Letters on Poetry and Art

SABCL - Volume 27

Part 2. On His Own and Others’ Poetry
Section 1. On His Poetry and Poetic Method
On Some Poems Written during the 1930s

Overhead Inspiration in Some Poems of the 1930s [1]

A long time ago, you wrote to me that the Overmind has two levels — the intuitive and the gnostic. There are surely several passages in your own poetry as well as in the Upanishads and the Gita that sustain an inspiration from the former; but has no poetry ever come from the Overmind proper which is turned towards the full supramental Gnosis? Do you remember anything either in Sanskrit or in your own work which derives from there? If not, is it possible to give some idea as to what quality of rhythm, language and substance would constitute the difference between the expression of the Overmind Intuition and the Overmind Gnosis? Those four lines I quoted to you from yourself the other day — where do they hail from?

Arms taking to a voiceless supreme delight,

Life that meets the Eternal with close breast,

An unwalled mind dissolved in the Infinite,

Force one with unimaginable rest?

It is really very difficult for me to say anything in this respect about my own poetry; there is too complex a working of the Consciousness for it to be possible for me to classify and define. As for the Overmind Gnosis, I cannot yet say anything — I am familiar with its workings, but they are not easily definable or describable and, as for poetry, I have not yet observed sufficiently to say whether it enters in anywhere or not.

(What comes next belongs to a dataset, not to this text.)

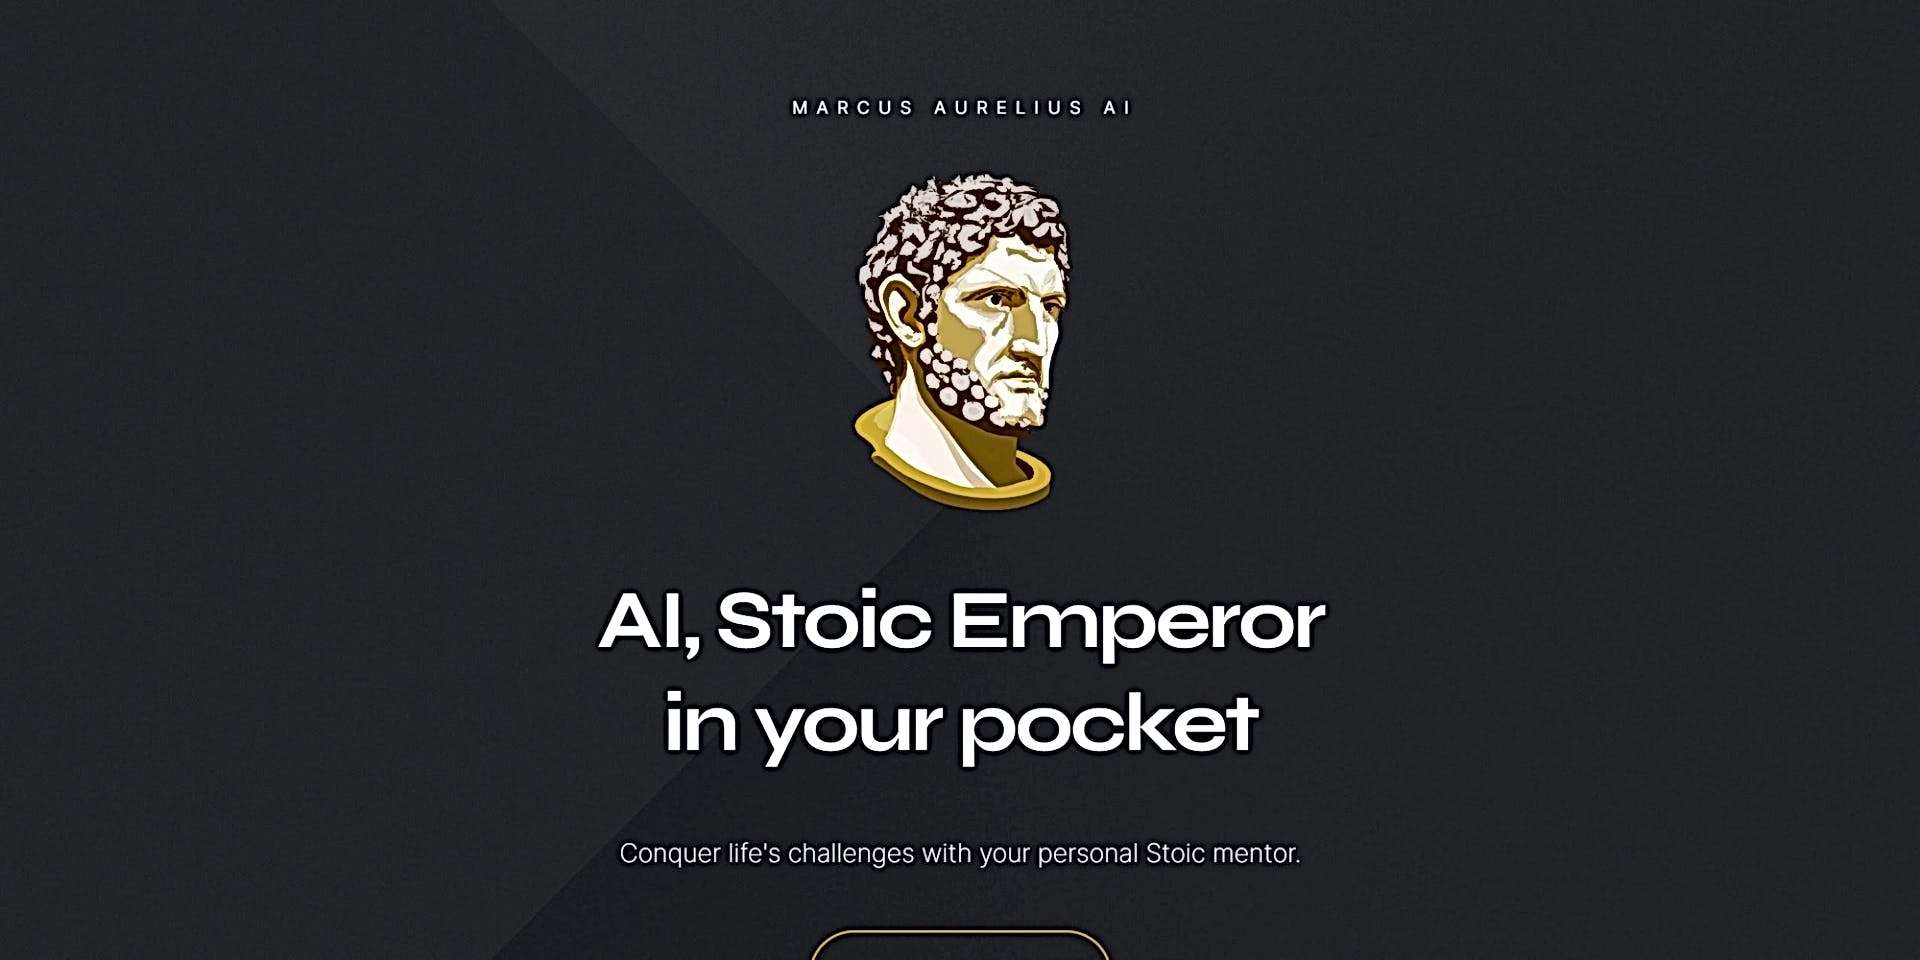 Marcus Aurelius AI featured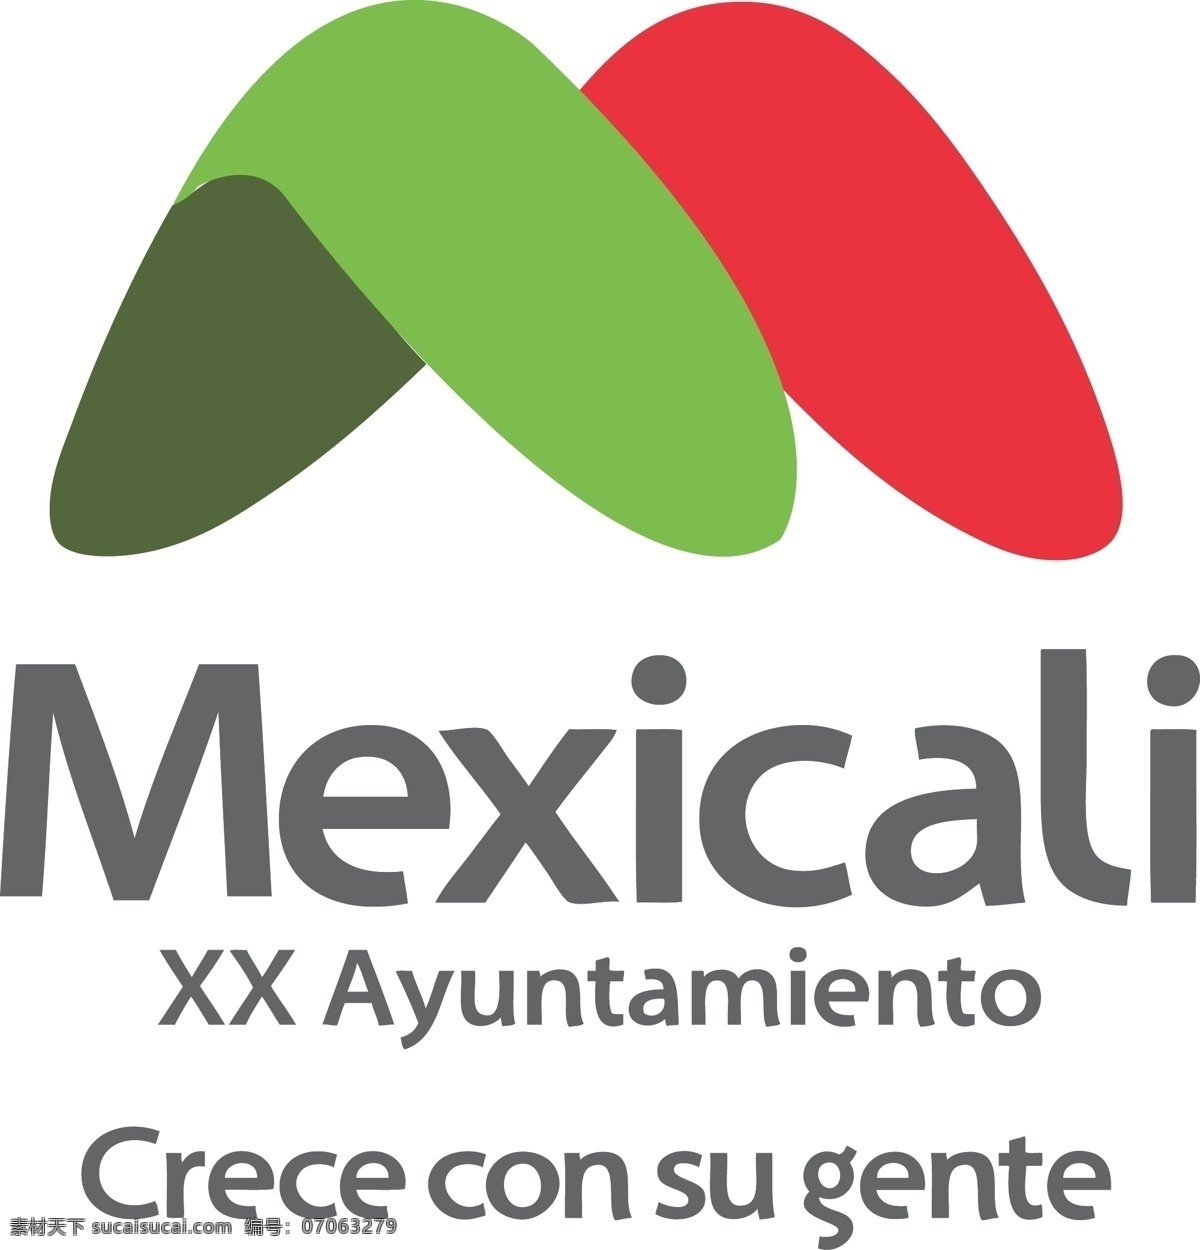 墨西卡利 xx 市 议会 标识 公司 免费 品牌 品牌标识 商标 矢量标志下载 免费矢量标识 矢量 psd源文件 logo设计

I should expect its intervention to be extremely rare even as a touch; but I refer at present all higher overmind intervention to the O.I. [Overmind Intuition] in order to avoid any risk of overstatement. In the process of overmental transformation what I have observed is that the Overmind first takes up the illumined and higher mind and intellect (thinking, perceiving and reasoning intelligence) into itself and modifies itself to suit the operation — the result is what may be called a mental Overmind — then it lifts these lower movements and the intuitive mind together into a higher reach of itself, forming there the Overmind Intuition, and then all that into the Overmind Gnosis awaiting the supramental transformation. The overmind “touch” on the Higher Mind and Illumined Mind can thus raise towards the O.I. or to the O.G. or leave it in the M.O.; but, estimating at a glance as I have to do, it is not easy to be quite precise. I may have to revise my estimates later on a little, though not perhaps very appreciably, when I am able to look at things in a more leisurely way and fix the meeting lines which often tend to fade away, leaving an indefinable border.